Now let’s look at the log likelihood.

freqs2 <- freqs2 %>%
  mutate(ll=frq*log(joint_y))

flextable(freqs2)

val	frq	perc	iteration	joint_x1	joint_x2	joint_y	x1_y	x2_y	frq_x1	frq_x2	ll
1-1-1	696	0.406	2	0.4250	0.0653	0.2661	0.8916	0.108	620.56	75.4	-921.4
1-1-2	68	0.040	2	0.1329	0.1290	0.1312	0.5656	0.434	38.46	29.5	-138.1
1-2-1	275	0.160	2	0.2460	0.1685	0.2118	0.6485	0.351	178.34	96.7	-426.8
1-2-2	130	0.076	2	0.0586	0.1880	0.1158	0.2828	0.717	36.76	93.2	-280.3
2-1-1	34	0.020	2	0.0865	0.0667	0.0777	0.6209	0.379	21.11	12.9	-86.9
2-1-2	19	0.011	2	0.0206	0.0744	0.0444	0.2593	0.741	4.93	14.1	-59.2
2-2-1	125	0.073	2	0.0500	0.1722	0.1040	0.2687	0.731	33.59	91.4	-282.9
2-2-2	366	0.214	2	0.0119	0.1920	0.0915	0.0728	0.927	26.64	339.4	-875.3

ll_2 <- sum(freqs2$ll)
ll_1

[1] -3468

ll_2

[1] -3071

The overall log likelihood has increased, which means we are closer to our convergance (maximization of the likelihood of the data).

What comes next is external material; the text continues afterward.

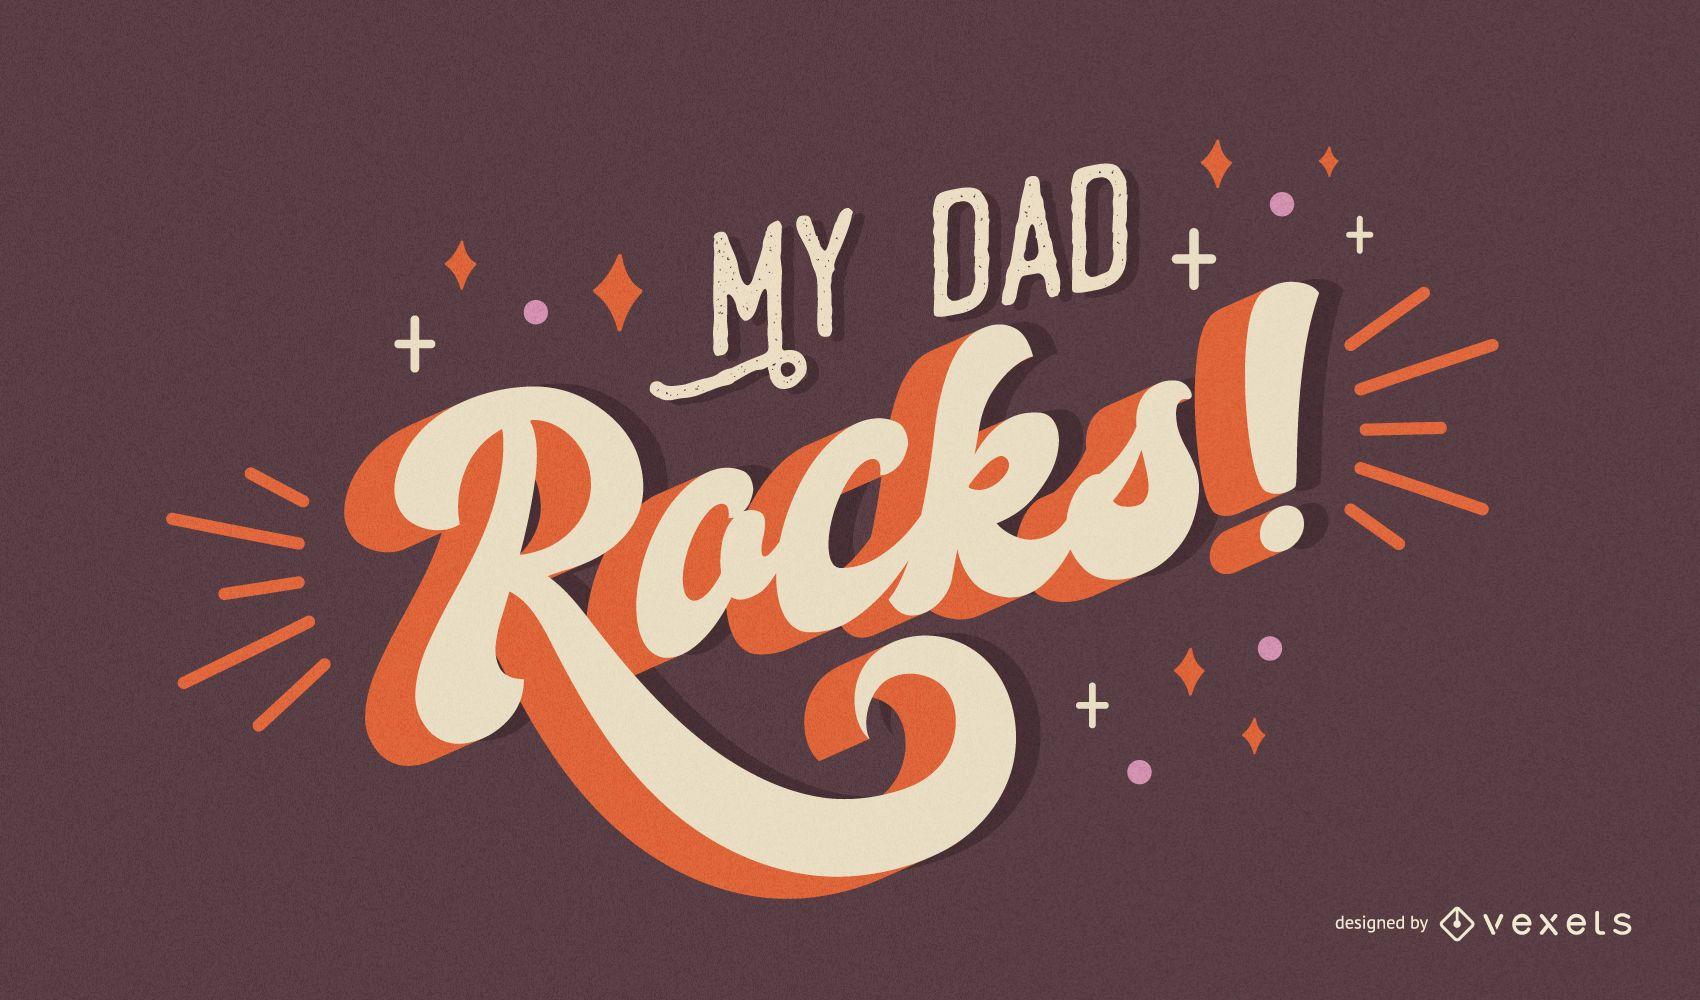 My dad rocks lettering design

These iterations continue, with each iteration guaranteed to increase the log likelihood of the model. When the iterations result in negligible increases to the log likelihood, the algorithm is said to have converged and we have arrived at a solution.

It’s possible that the algorithm identified a local maximum, rather than a global maximum. Initialize a few different random starts to see if you get to the same solution. If you do not, take the solution with the highest log likelihood.